U.S. bank strategists Masashi Akutsu and Tetsuhiro Tokuyama stated in a report: “Third-quarter performance was strong. The number of companies raising earnings guidance has risen to the highest level in the past decade, excluding the period just after the pandemic, but guidance remains conservative.”
They added: “We expect more companies to raise earnings guidance and implement share buybacks before the full-year earnings are announced.”
Get the latest stock market forecasts first with InvestingPro
These strategists anticipate that, driven by improving fundamentals and policy dynamics, the Nikkei 225 Index will hit a new high for the fourth consecutive year. Key drivers include the Liberal Democratic Party’s overwhelming victory in the elections, accelerated profit recovery, and sustained increases in return on equity.
Political continuity has historically supported the Japanese stock market. The strategists pointed out that after similar election results in 2005 and 2012, the market rose for more than six months in a row, with valuation multiples outperforming their U.S. peers.

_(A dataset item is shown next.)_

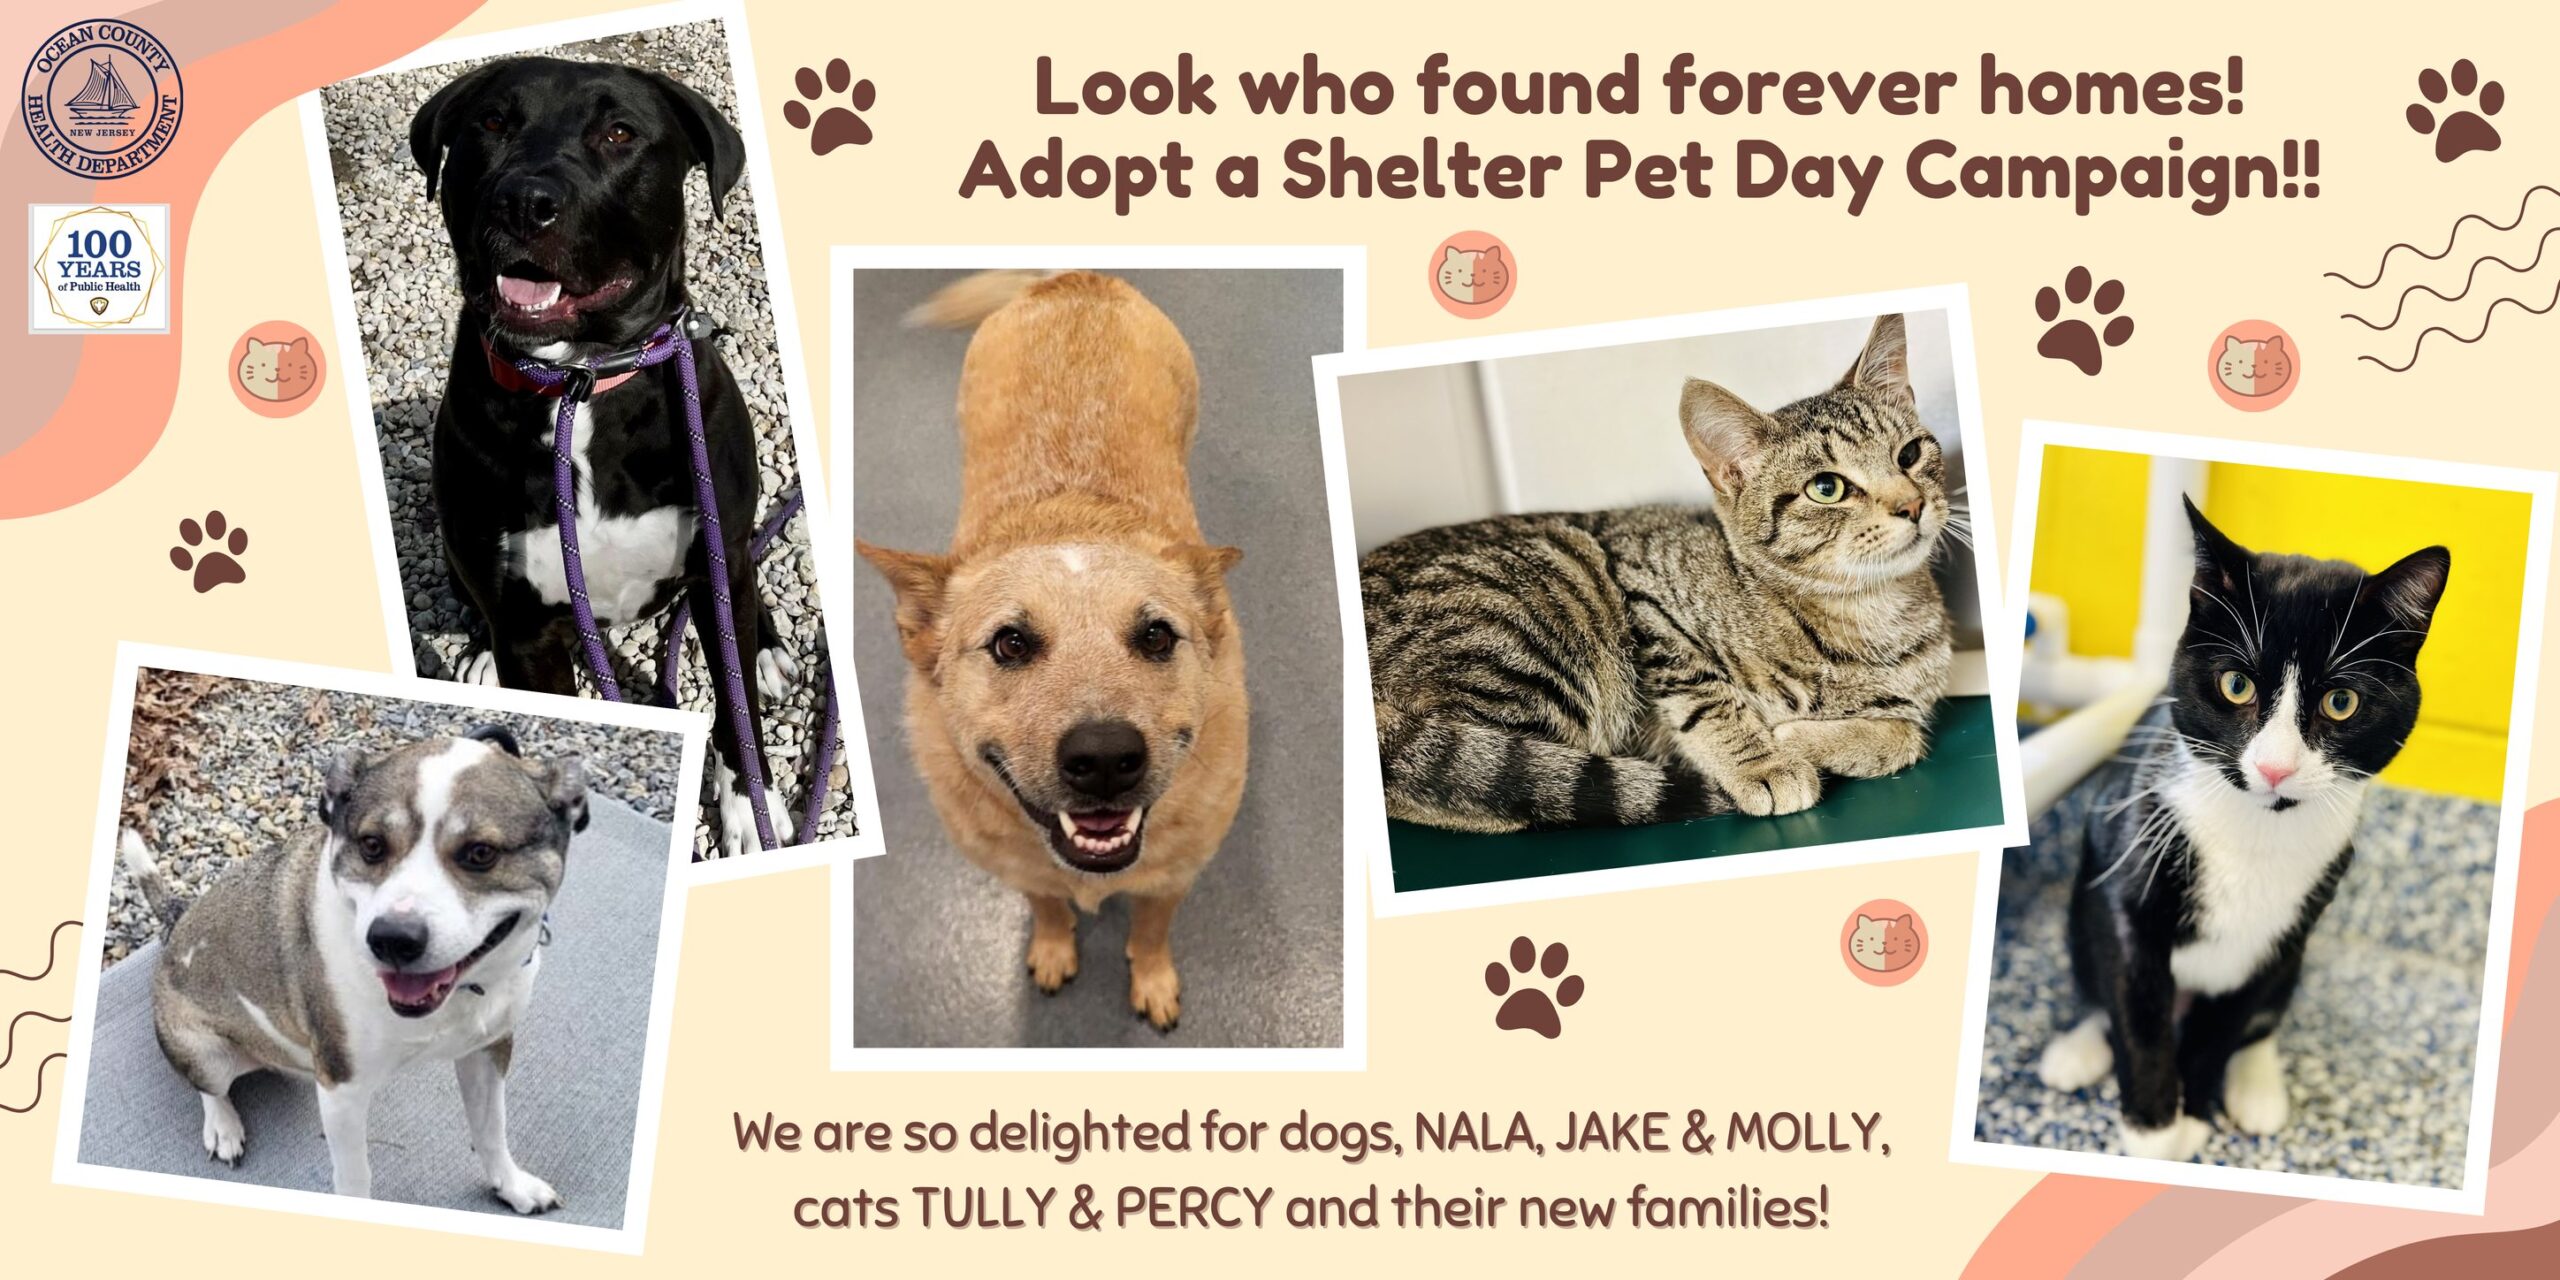 Adopt a shelter pet day

Earnings also continue to provide support. Among the components of the Tokyo Stock Exchange Index, 58% of companies delivered better-than-expected results in the third quarter. Market consensus forecasts show that fiscal years 2026 and 2027 will still achieve steady growth of 13% and 10%, respectively.
The strategists expect forward earnings to “continue to grow steadily.”
Regarding valuations, U.S. banks stated that as return on equity (ROE) improves, the market price-to-earnings ratio (P/E) has risen to about 17 times, surpassing previous upper limits. The strategists noted that this “indicates that the fundamental range of the P/E multiple may have shifted upward.”
They added: “This is the first time since the upward shift of the P/E fundamental range in 2013 that the P/E has risen sharply alongside a recovery in earnings per share (EPS).”
In terms of holdings, the bank expects trading to continue focusing on specific stocks, describing the current environment as “a bifurcated market with trading concentrated in certain stocks.”
Many favored stocks are related to artificial intelligence, defense, robotics, shipbuilding, and energy, but U.S. banks warn that if macroeconomic conditions change, these high-beta stocks could experience a pullback.